In particular, you have to consider that while current I is a fixed amount, ***voltage V is relative.*** The P = V^(2)/R formula is based on the voltage drop **across the device.**

In other words, let’s throw out the low-voltage/high-voltage thing entirely. Simple circuit: V = 10 V source. Two 5 Ohm resistors in series. Total resistance is 10 Ohms, so current is 10 V / 10 Ohms = 1 A. Hopefully you agree with this.

The power loss through the first resistor is P = I^(2)R = (1 A)^(2)(5 Ohms) = 5 W. Same for the second. This is a total power of 10 W, which again agrees with what we expect (P = VI = 10 V x 1 A = 10 W).

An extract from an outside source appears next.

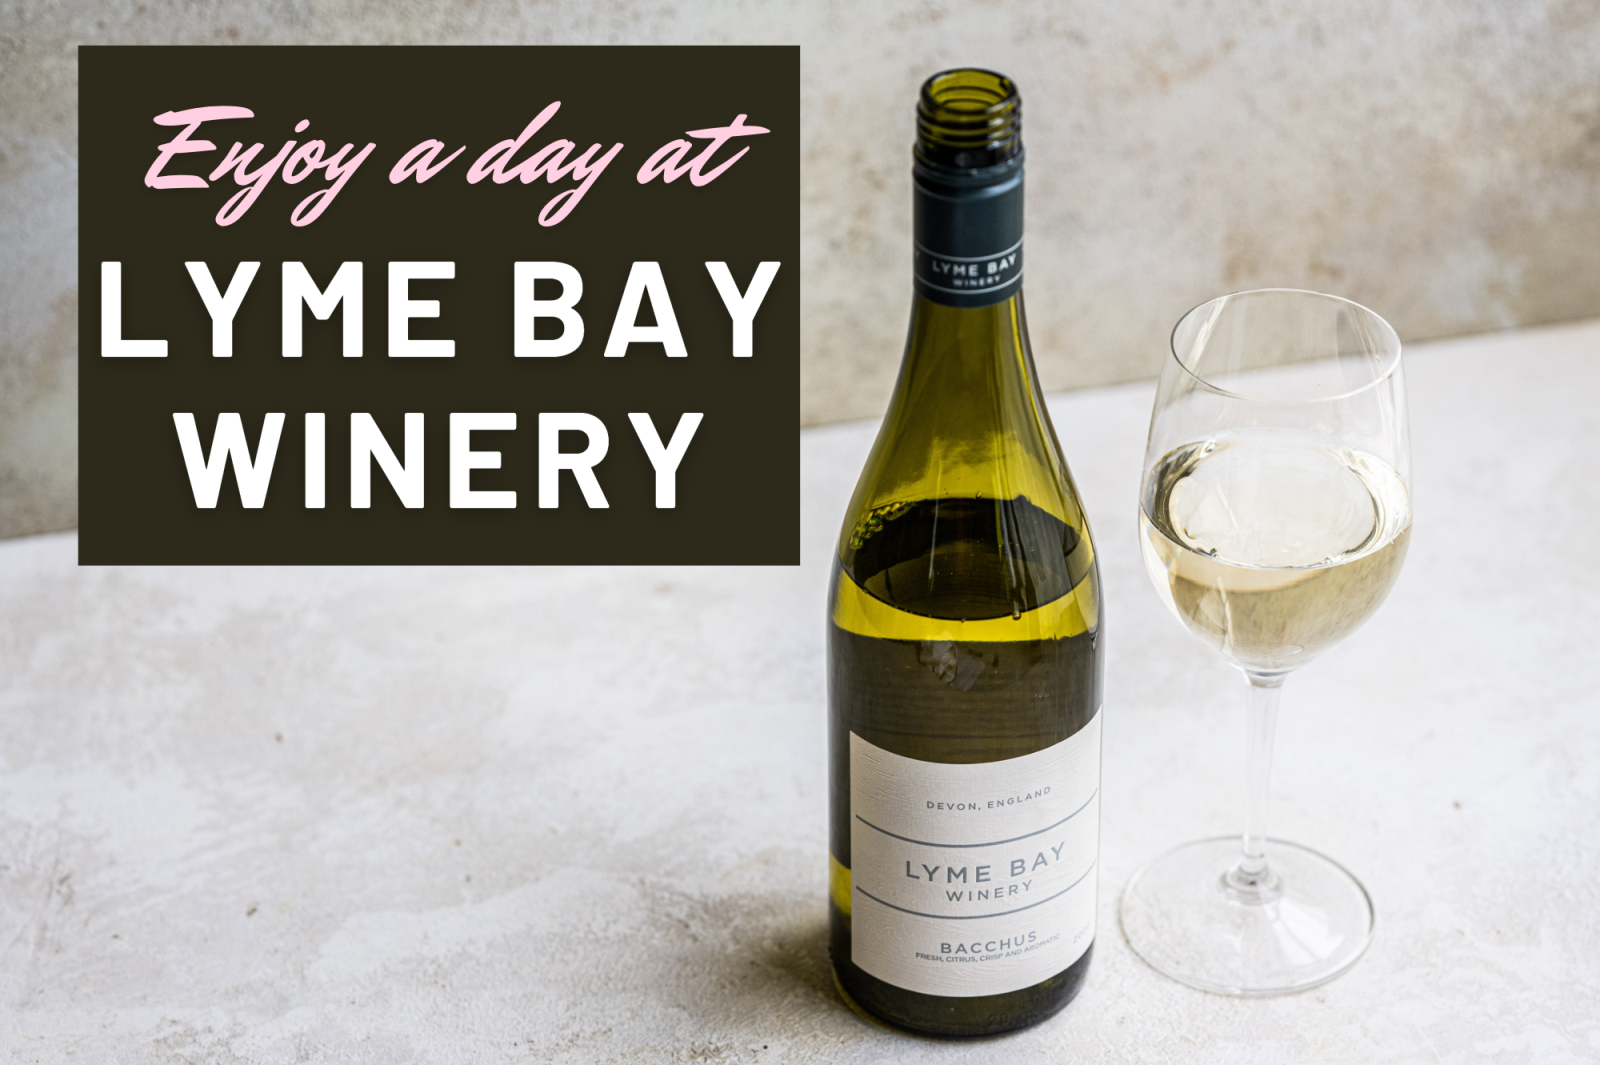 Enjoy a Day at Lyne Bay Winery

If we use the voltage form of P = V^(2)/R, we **do not** calculate the first resistor’s power as (10 V)^(2)/(5 Ohms) = 100 / 25 W = 25 W. We have to use the **voltage drop across the resistor** which is only 5 V to get (5 V)^(2)/(5 Ohms) = 25 / 5 W = 5 W.

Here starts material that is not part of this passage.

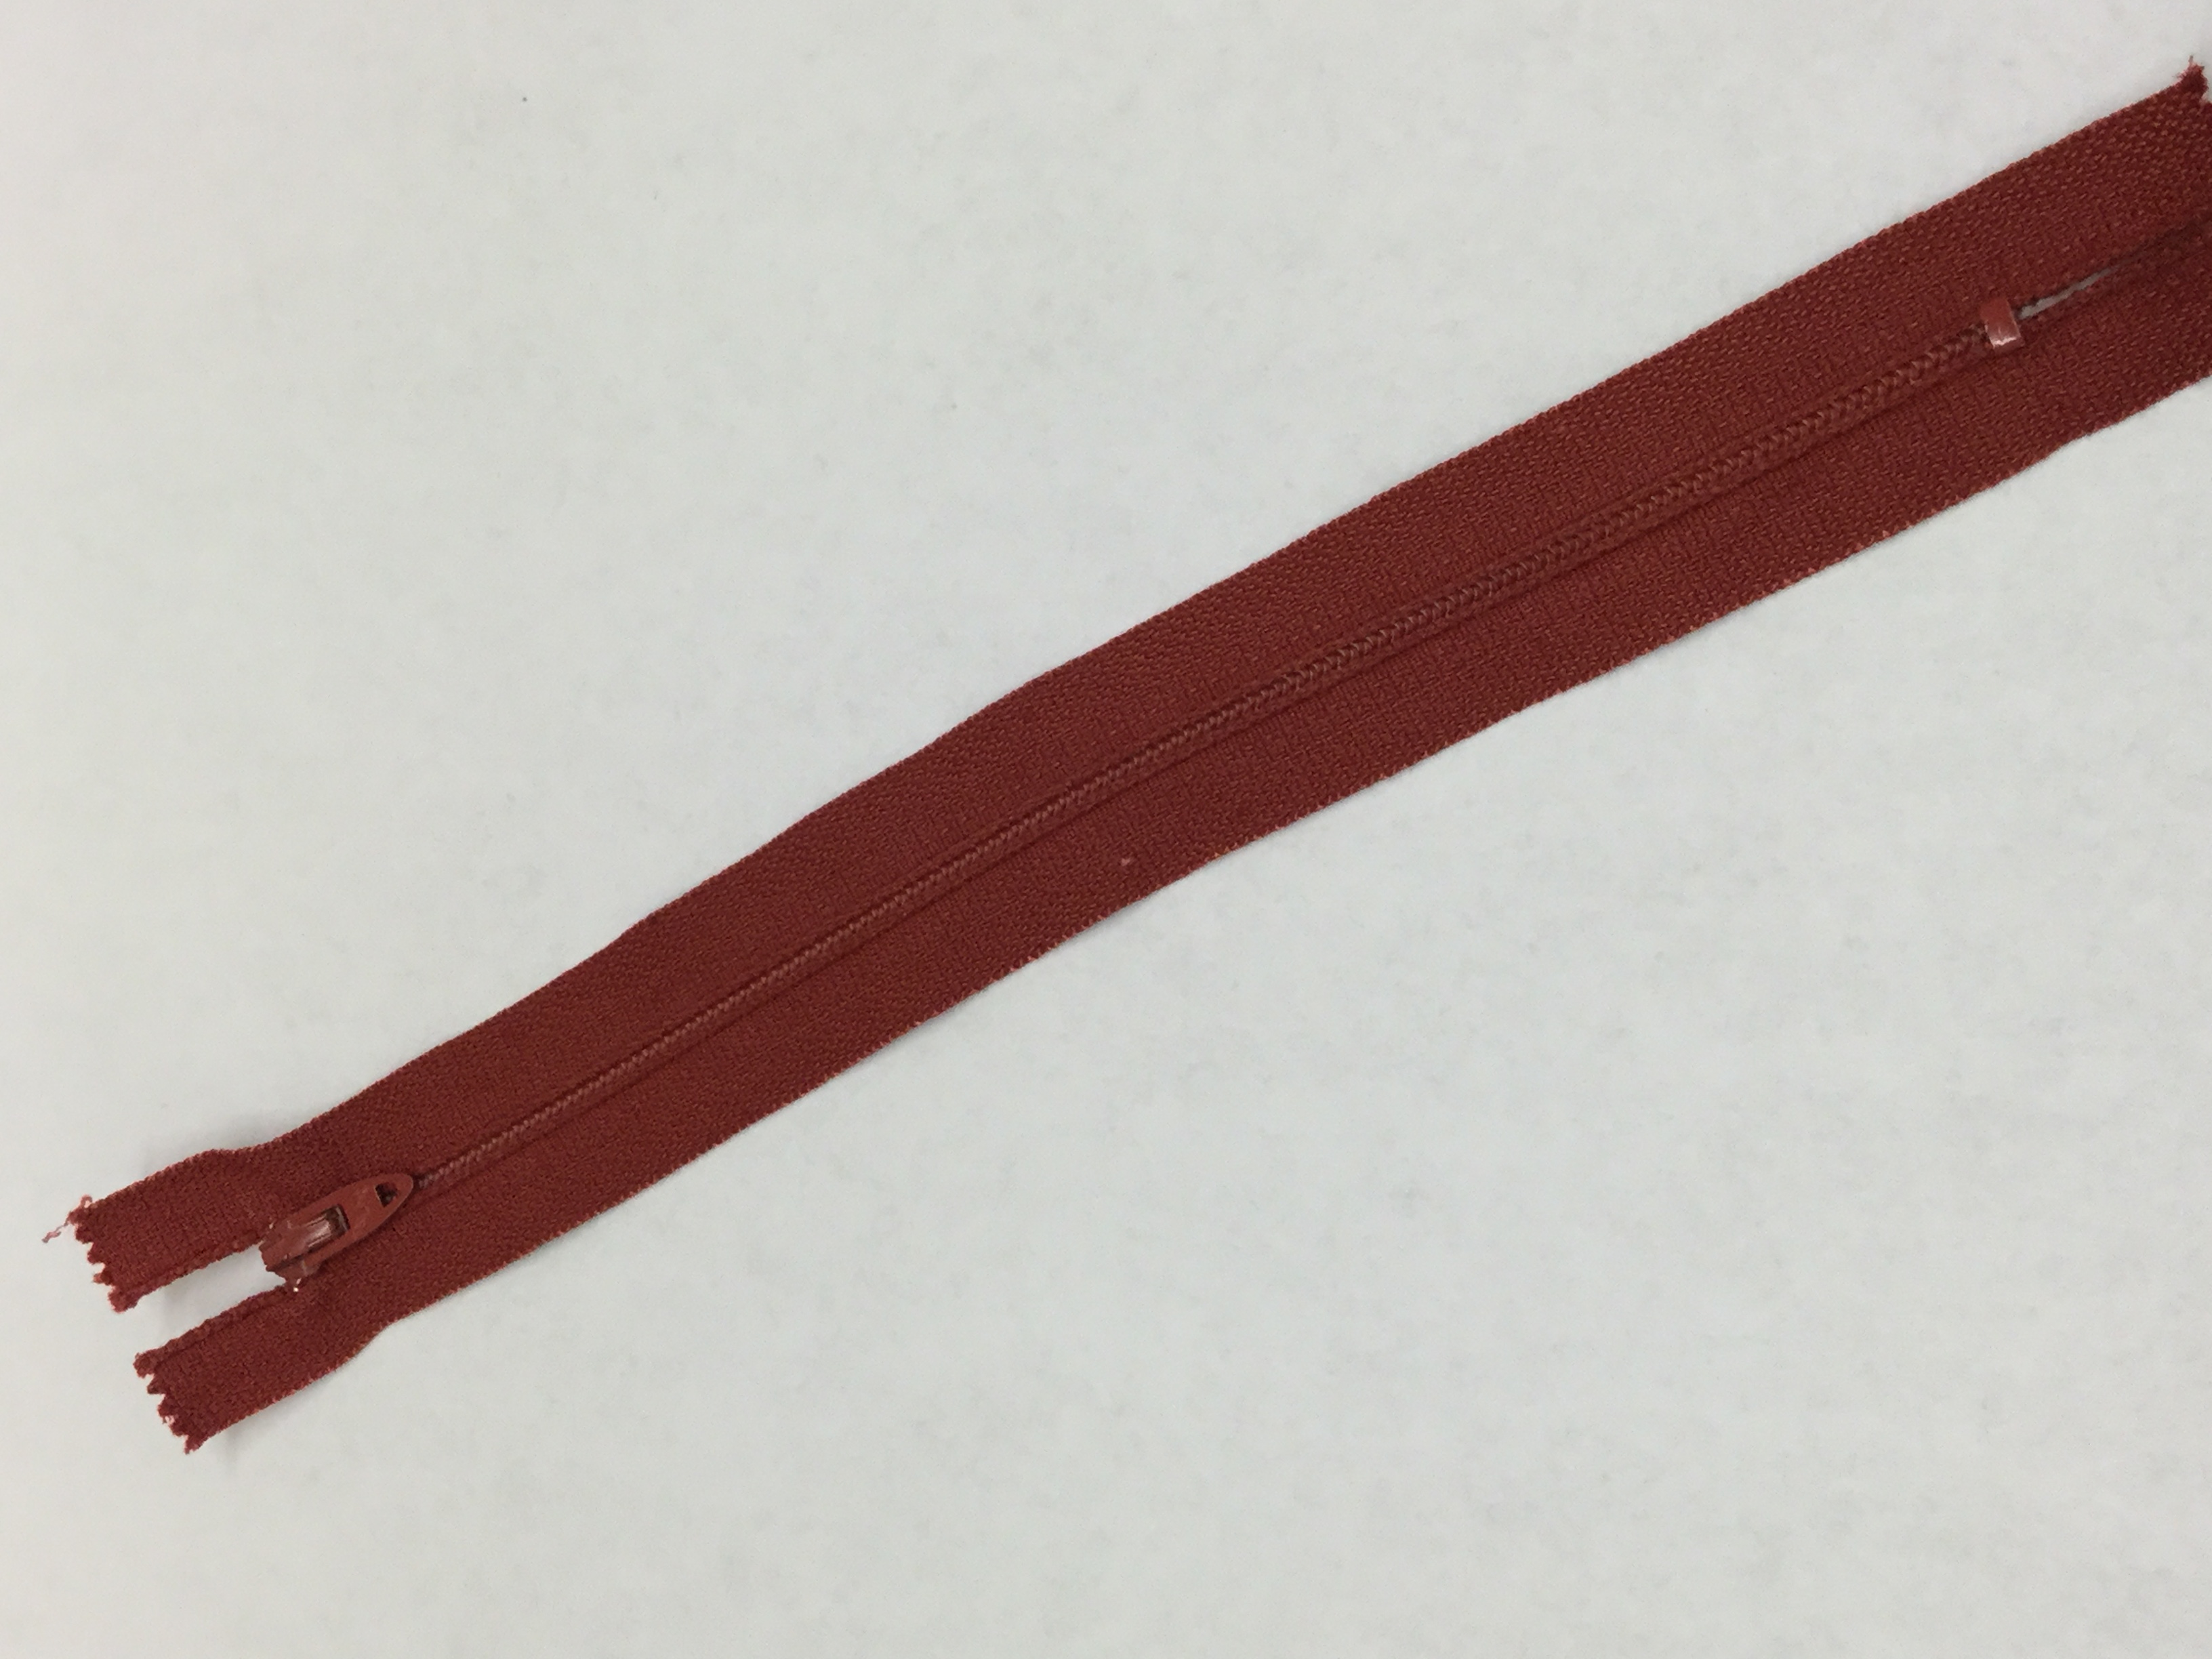 08 inch - Talon Nylon Coil Metal Pull Zipper - Red

Going back to the low-voltage/high-voltage case: my bet is that you are incorrectly thinking that the V used in the V^(2)/R calculation is the input voltage. As we just saw **it is not.** It is the **voltage drop.** So the answer is that when you go from a lower voltage to a higher voltage with the same power, current necessarily drops (P = VI => V increase, P constant -> I decrease); which means that the voltage drop V = IR decreases, and the voltage on the other side of the line increases.

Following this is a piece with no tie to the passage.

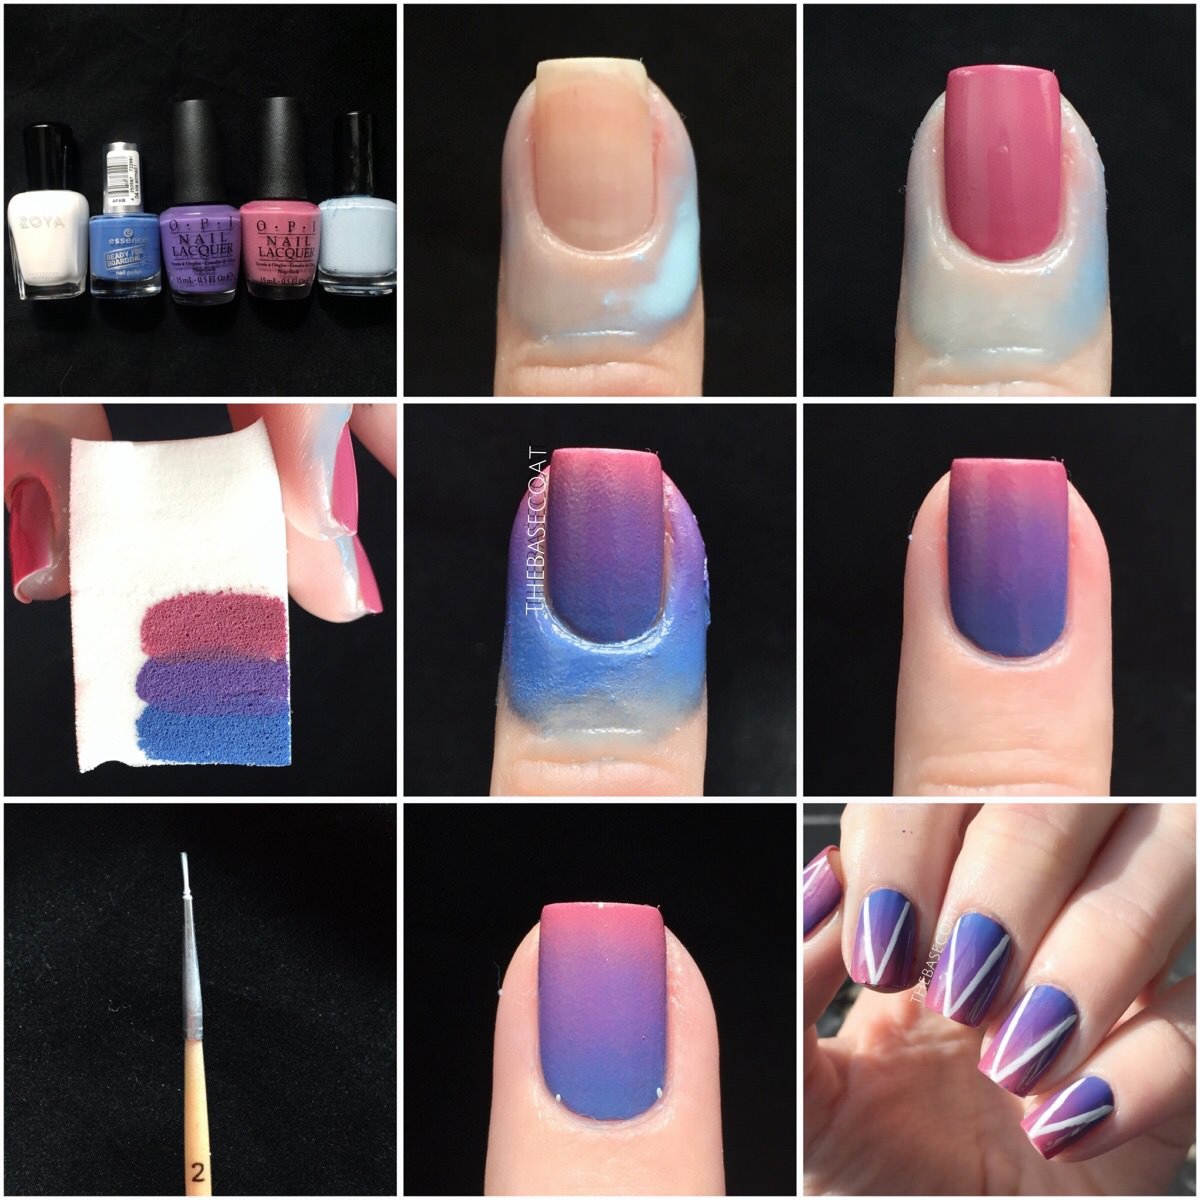 Как красиво накрасить ногти в домашних условиях: уроки с фото и видео

Voltage drop = voltage this side – voltage that side. Increasing voltage that side means that the voltage drop ***decreases***. So yes, V^(2) increases from the fact that the voltages are being increased, but it also **decreases** because of the reduced voltage drop across a resistive load from a lower current and the net effect is that losses are reduced.

Side note: this is a reason to work primarily in terms of current when analyzing these kinds of situations. Voltage analysis gets really tricky quite quickly, because you have to think in terms of the voltage drops.